O cartunista cita também o caso da AC Comics, voltada aos quadrinhos de terror, crime e suspense, que foi um exemplo de ousadia e humor mórbido. A revista fez grande sucesso nos Estados Unidos nos anos de 1950, inclusive foi influência para autores como Frank Miller e Alan Moore. Porém, grandes editoras, como a DC Comics, se juntaram com grupos de senadores norte-americanos para promover uma espécie de censura aos quadrinhos. A história da AC Comics e das repercussões políticas e culturais é uma outra demonstração da problemática da dicotomia, vinculada ao pensamento de que para ser viável comercialmente os quadrinhos têm que ser uma obra infantilizada, sentido contrário à ideia de que é possível ter experimentação e sofisticação de linguagem sendo viável comercialmente. “O que também falta é rompermos alguns problemas que têm ligações com o medo e moralismo. Estamos falando muito de mercado, de questões concretas e materiais de mercado, mas precisamos pensar se estamos cultivando esse público e como estamos fazendo isso”, conclui Coimbra.

 

Na sequência, Vitral ressalta que as dificuldades da falta de público e da falta de atenção para os quadrinhos nacionais diz respeito também à falta de leitura por parte do povo brasileiro. “A condição social da falta de leitura é conveniente para todo um sistema que quer só reproduzir coisas descartáveis”. Para ele, é necessário fomentar a leitura como um todo, pois “quadrinhos bons nós temos e temos muitos”, porém há toda uma questão de conveniência de um mercado que quer manter um status quo.

 

Encerrando as falas, Black aponta que o público de quadrinhos ganharia muito se houvesse liberdade artística de trabalhar, sem se preocupar com marketing, bonequinhos ou versão para cinema.
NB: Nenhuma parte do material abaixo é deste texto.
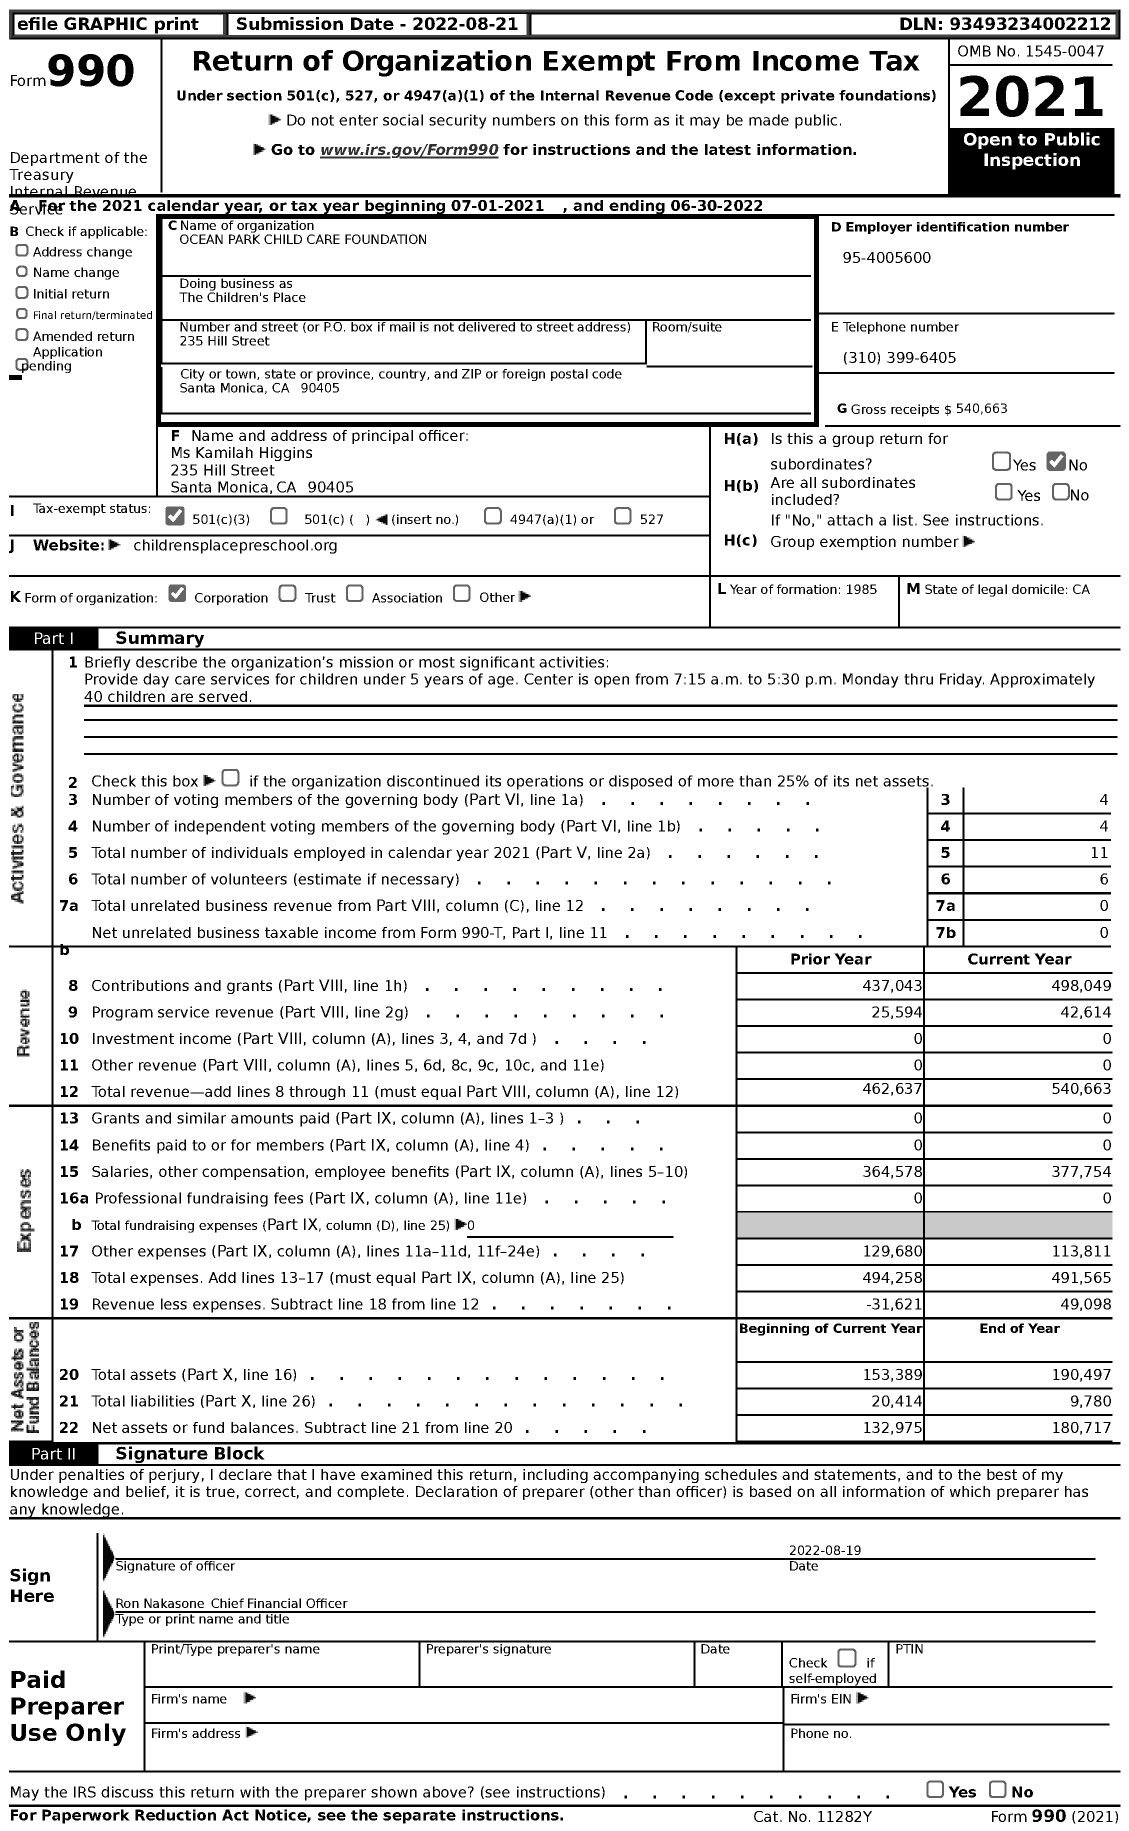 Image of first page of 2021 Form 990 for The Children's Place / Ocean Park Child Care Foundation

Seria importante, na sua visão, que o autor nacional tivesse a possibilidade de fazer um material com volume maior de páginas, contando uma historia fechada, ou que pudesse também produzir quadrinhos seriados, em que tivesse tempo de desenvolver uma história e não precisasse encerrá-la devido à dúvida se conseguiria ou não ter uma segunda edição. “Eu espero que, para o futuro, apesar da crise mais séria que vamos ter por causa da pandemia, que tenhamos um mercado de quadrinhos ainda melhor; espero que o projeto que vocês estão desenvolvendo na UFJF ajude o quadrinho nacional a ter um público maior, um mercado maior e que as pessoas possam consumir mais quadrinhos”, reforça o jornalista.

 

Sobre os convidados:

 

Ricardo Coimbra é de Recreio-MG e cursou Jornalismo na Faculdade de Comunicação da UFJF, quando começou a publicar seus primeiros quadrinhos, fanzines e a trabalhar em jornais de sindicatos. Desde 2009 divulga tirinhas de humor e quadrinhos em seu blog Vida e Obra de Mim Mesmo. Atualmente mora em São Paulo, onde ministra oficinas de quadrinhos e humor, além de publicar seus cartoons e tiras no jornal Folha de S. Paulo.

 

Júlio Black iniciou sua carreira no jornalismo impresso em 2010 no jornal Diário do Vale, em Volta Redonda-RJ, como repórter e depois como editor. Mudou-se para Juiz de Fora em 2014, onde passou a trabalhar como repórter de cultura no jornal Tribuna de Minas. Escreve a coluna “…E obrigado pelos peixes”, publicada todas as quartas-feiras, e também apresenta o quadro Primeira sessão, com os lançamentos do cinema todas as quintas-feiras na Rádio CBN Juiz de Fora. Ainda é um dos participantes do podcast Papo de Quadrinho.

 

Ramon Vitral é jornalista, editor do blog Vitralizado e colunista do site do Instituto Itaú Cultural. Trabalhou no Jornal O Estado de S. Paulo e depois morou em Londres, escrevendo para os jornais Estadão, Folha de S. Paulo, O Globo e para a Revista Galileu. De volta ao Brasil, atua como colaborador de publicações em grupos de comunicação como O Globo, TV Globo, Folha de S. Paulo, Revista Rolling Stone, Revista Mundo Estranho, Revista Monet, seLecT, nos portais Nexo, Opera Mundi e UOL. Em 2016 e 2017, recebeu o Prêmio Editora Globo de Jornalismo na categoria Educação e Cultura por matéria publicada na Revista Monet. No ar desde 2012, o Vitralizado é um dos principais espaços para quadrinhos da imprensa brasileira, tendo publicado entrevistas com alguns dos maiores nomes das HQs mundiais.